## Information provided:
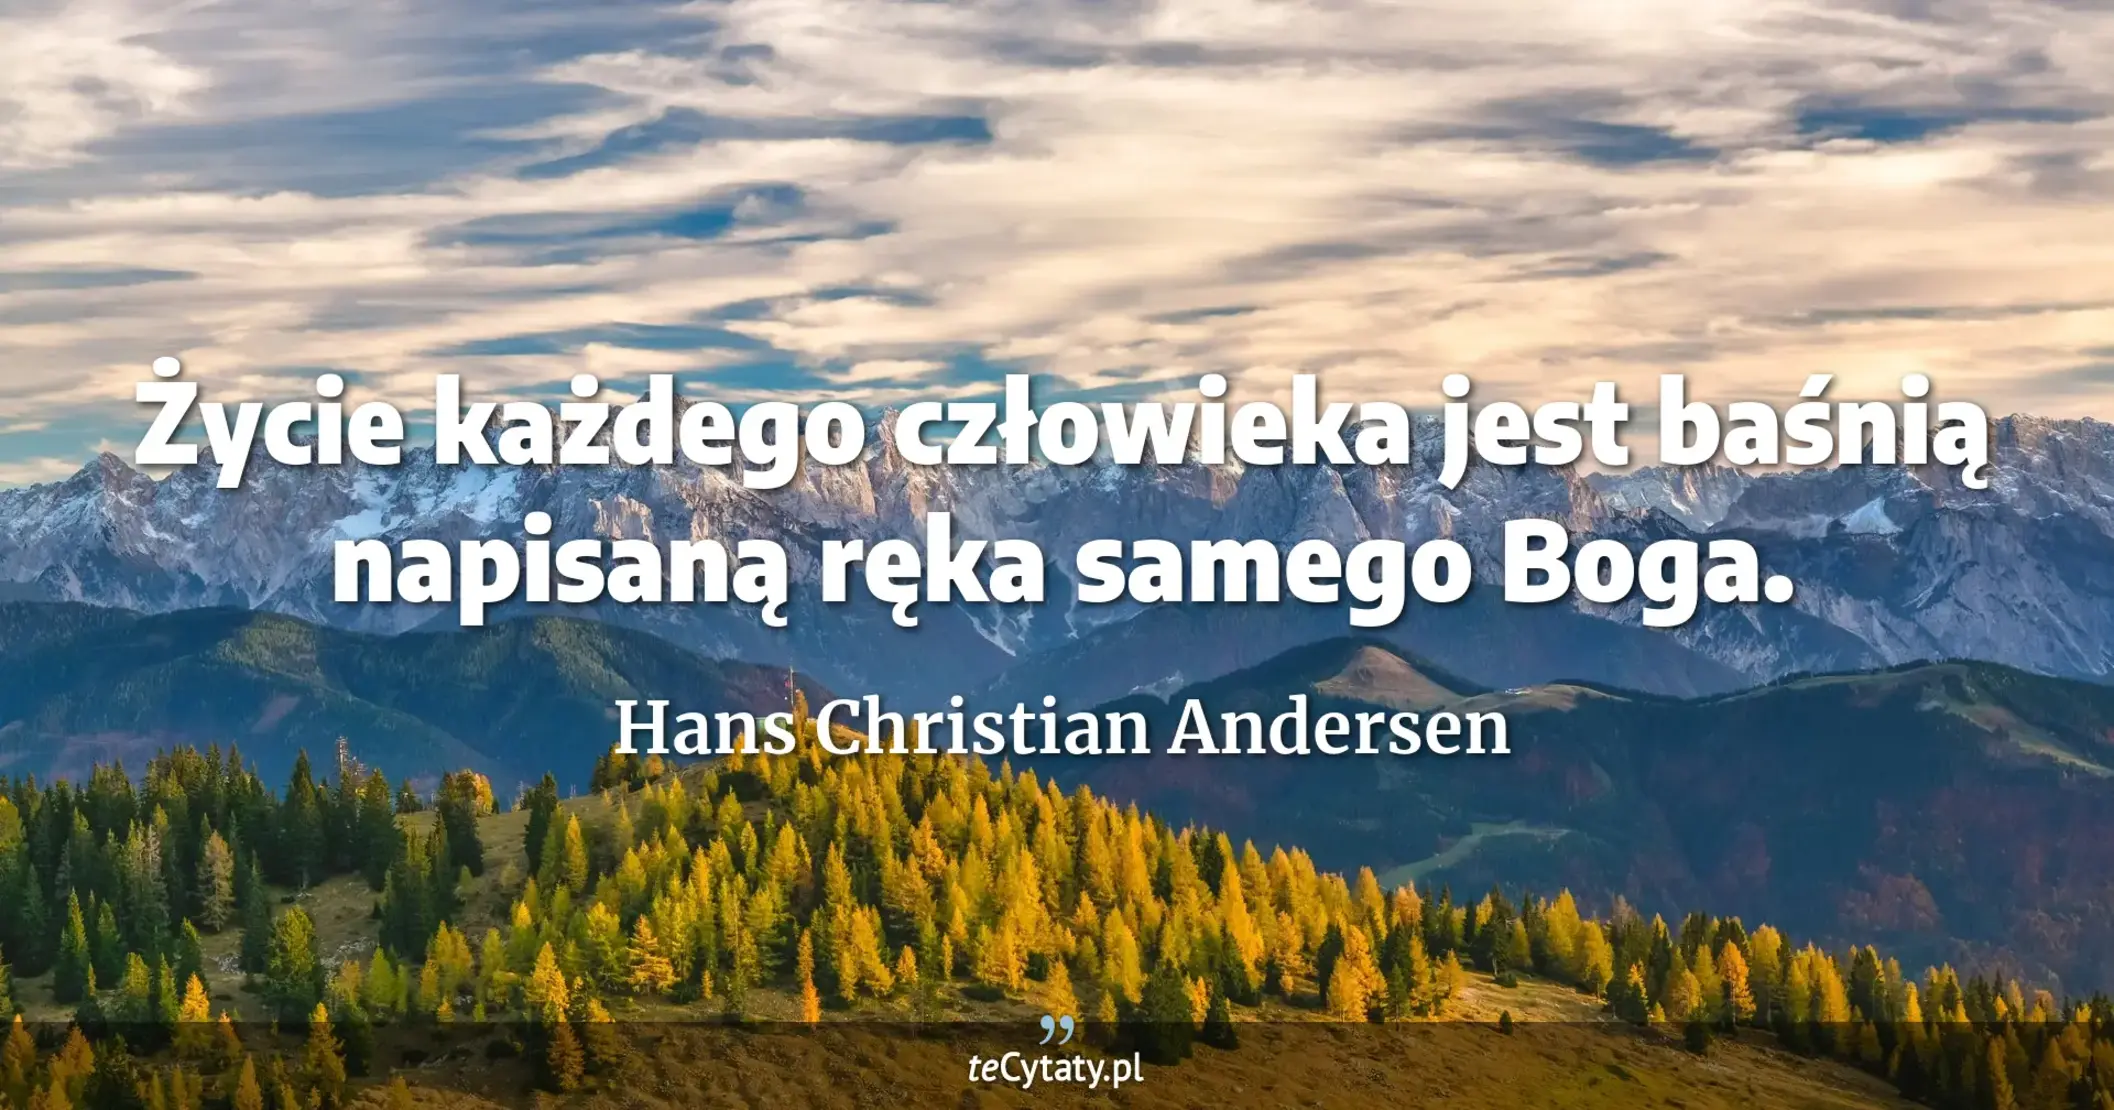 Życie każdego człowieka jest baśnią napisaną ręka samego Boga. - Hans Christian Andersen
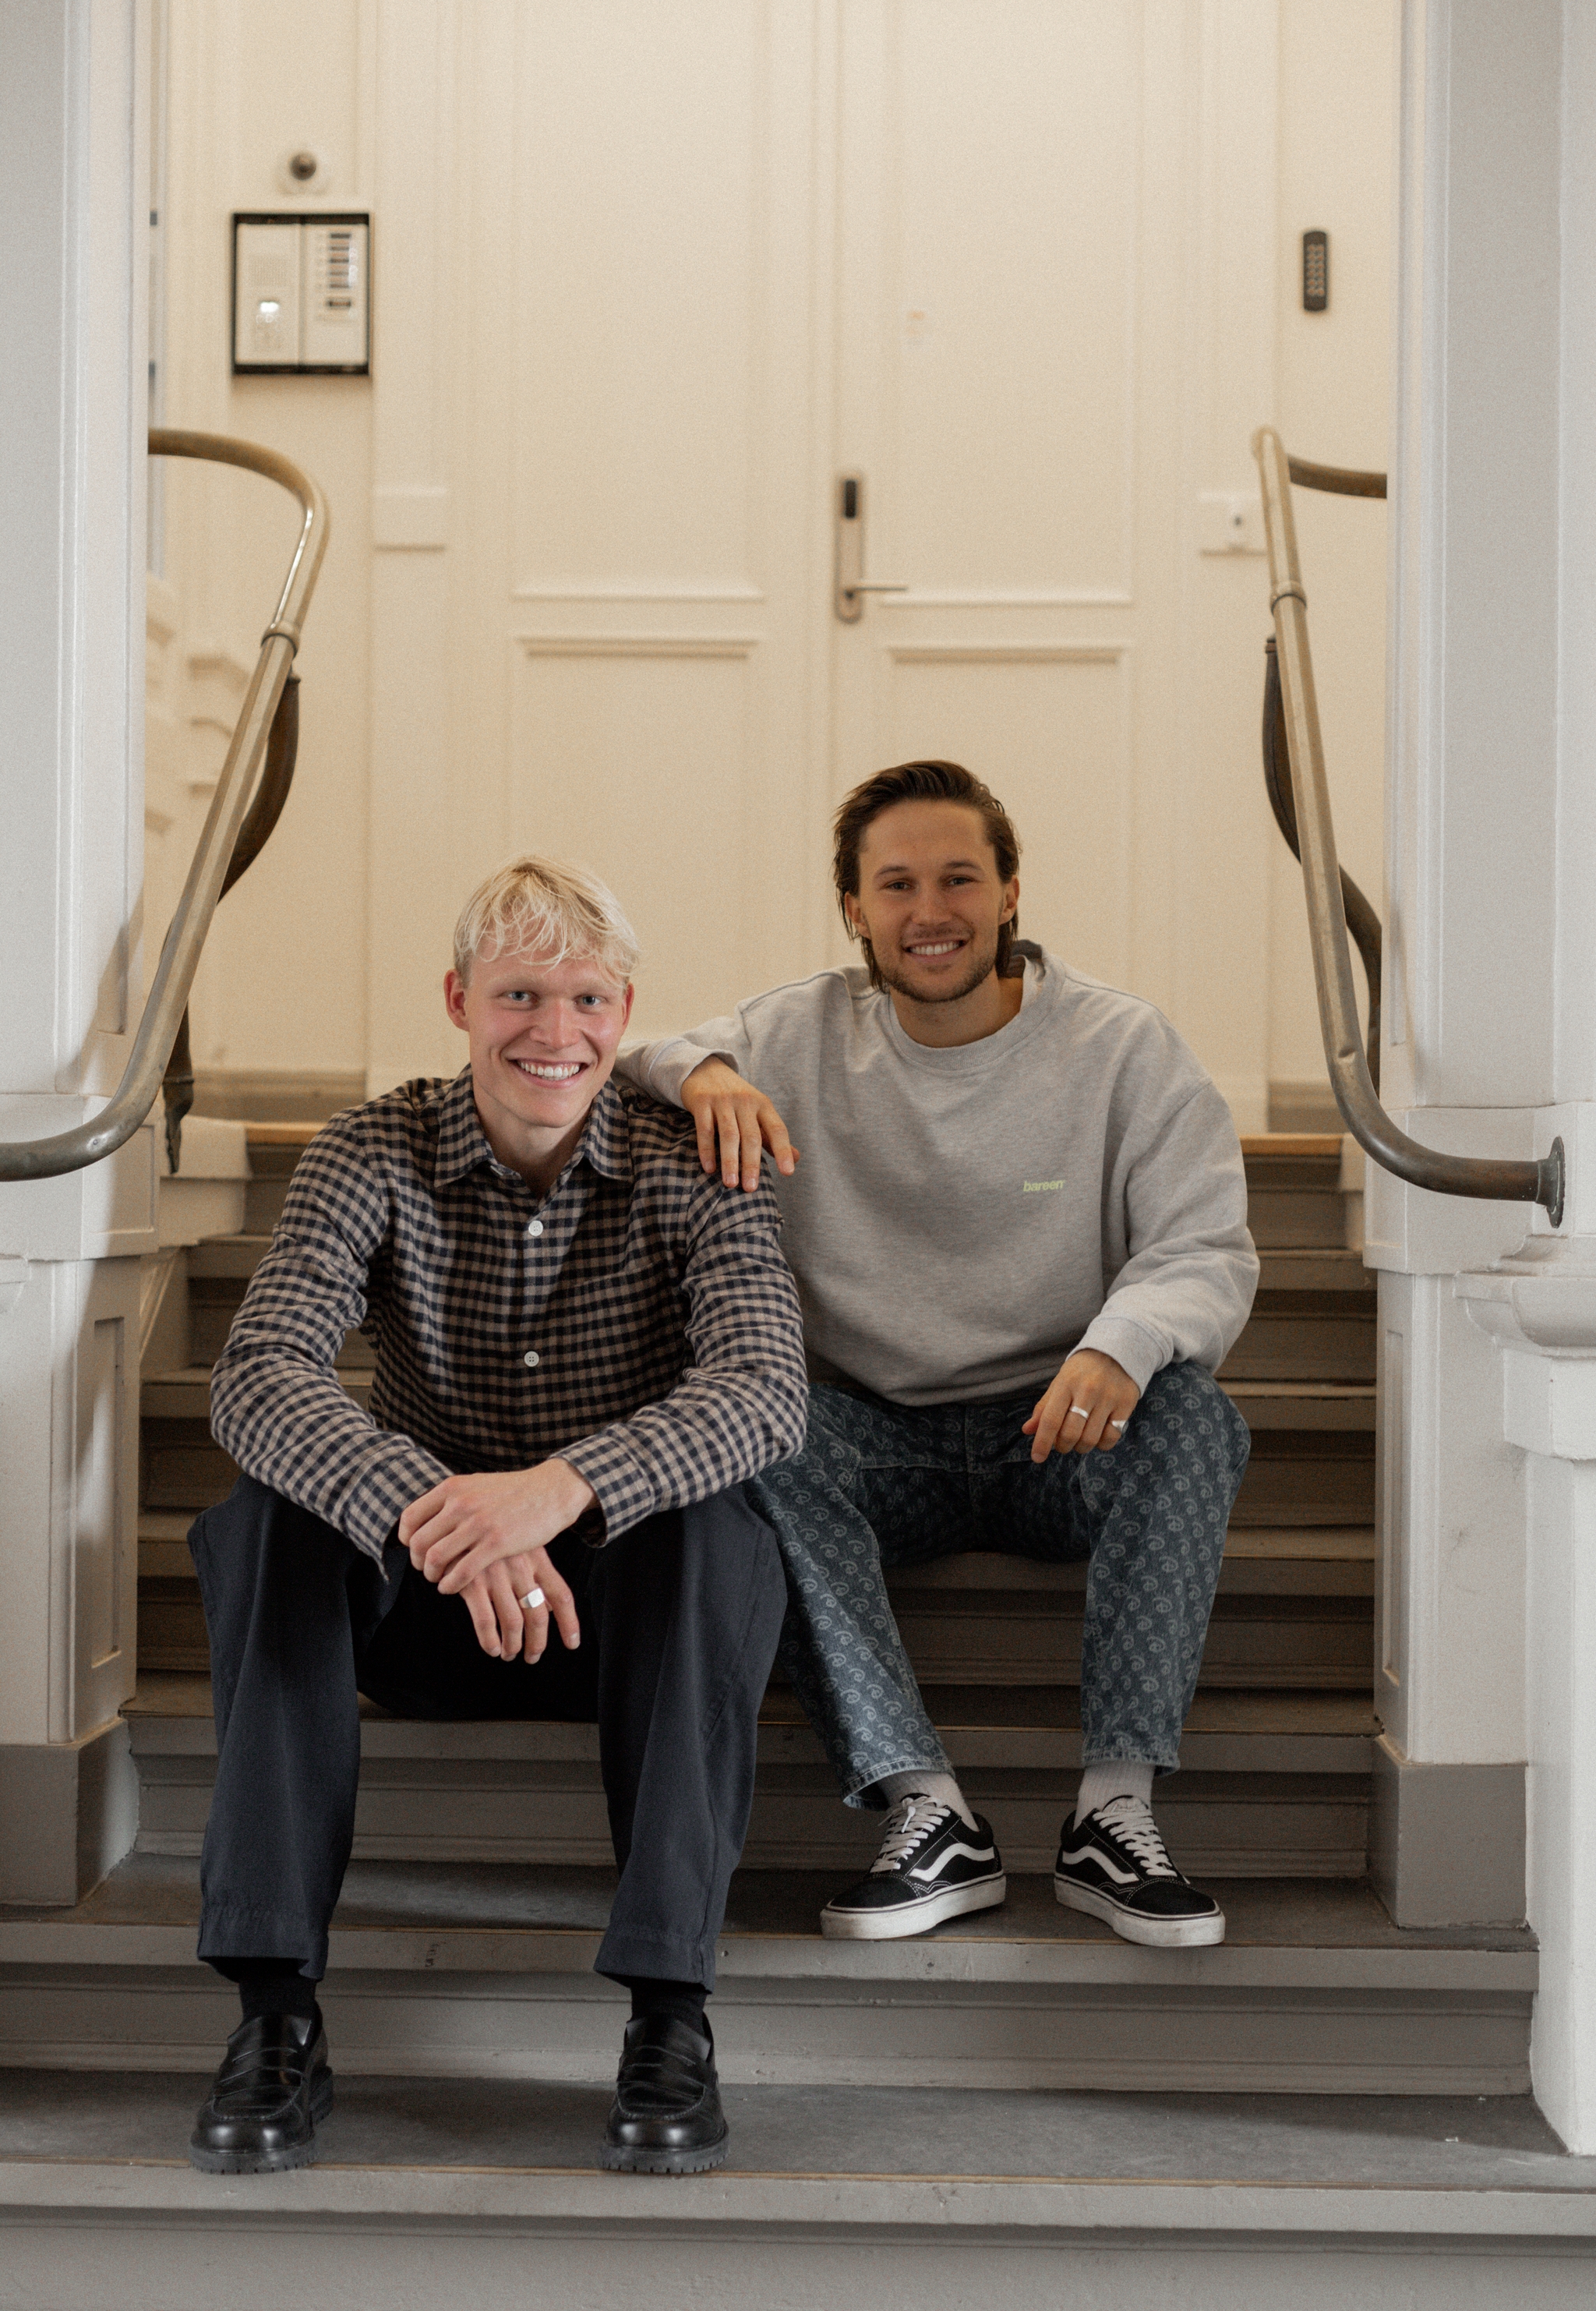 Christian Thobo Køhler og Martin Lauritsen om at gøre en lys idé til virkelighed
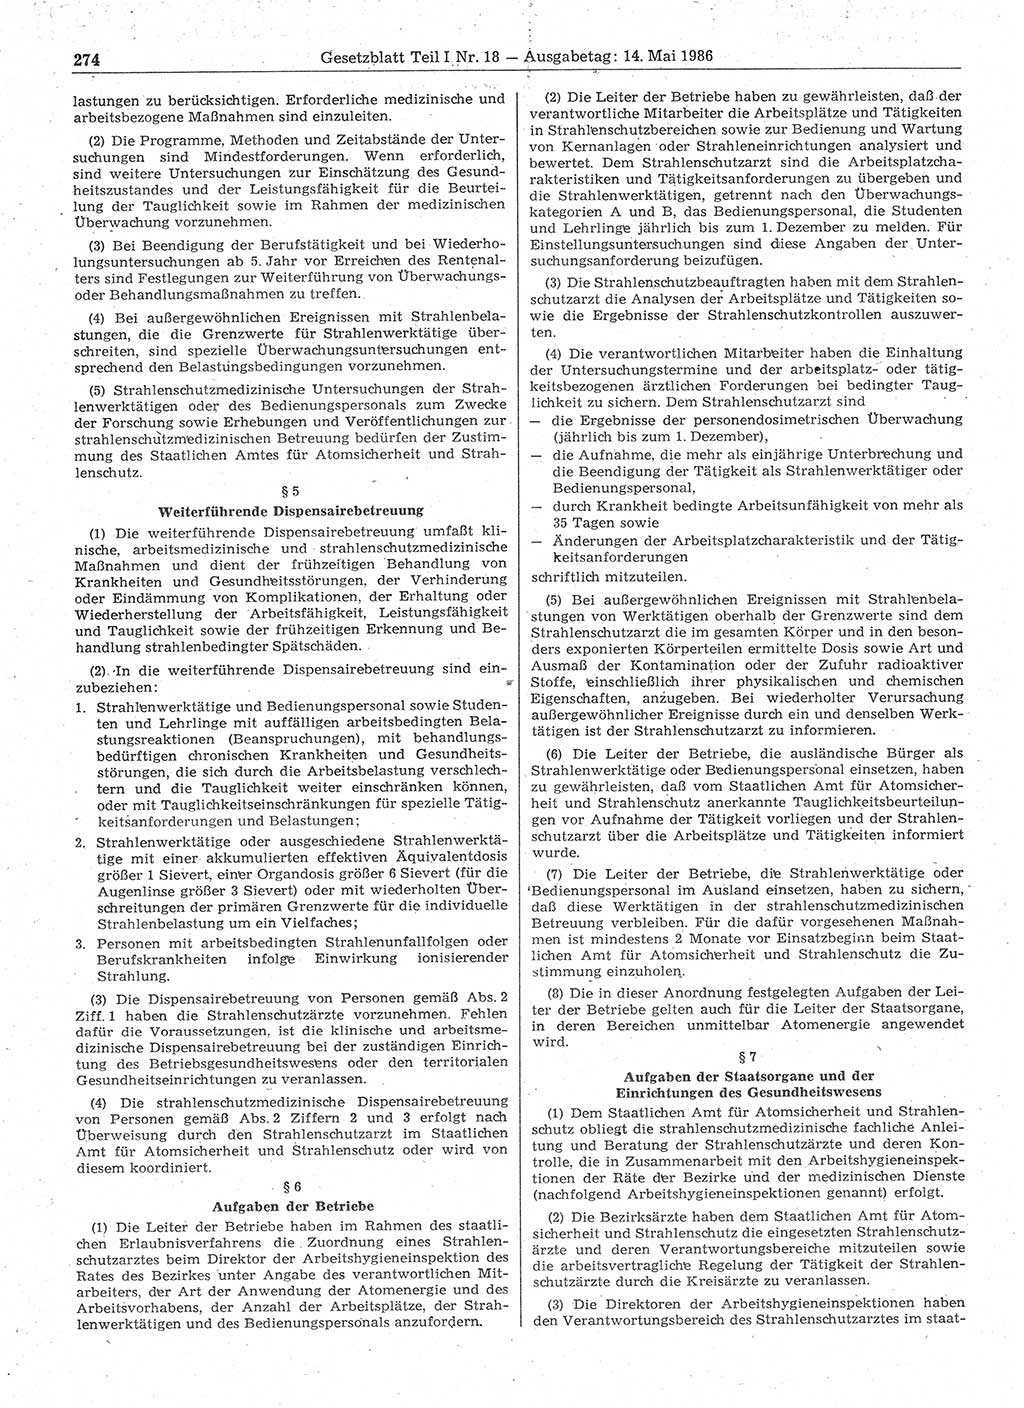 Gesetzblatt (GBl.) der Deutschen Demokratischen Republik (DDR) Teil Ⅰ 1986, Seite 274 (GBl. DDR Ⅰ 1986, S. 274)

## What to produce:
In full and without error, repeat the listing above, omitting its images.

## Result of the exercise:
 Życie każdego człowieka jest baśnią napisaną ręka samego Boga. - Hans Christian Andersen
 Christian Thobo Køhler og Martin Lauritsen om at gøre en lys idé til virkelighed
 Gesetzblatt (GBl.) der Deutschen Demokratischen Republik (DDR) Teil Ⅰ 1986, Seite 274 (GBl. DDR Ⅰ 1986, S. 274)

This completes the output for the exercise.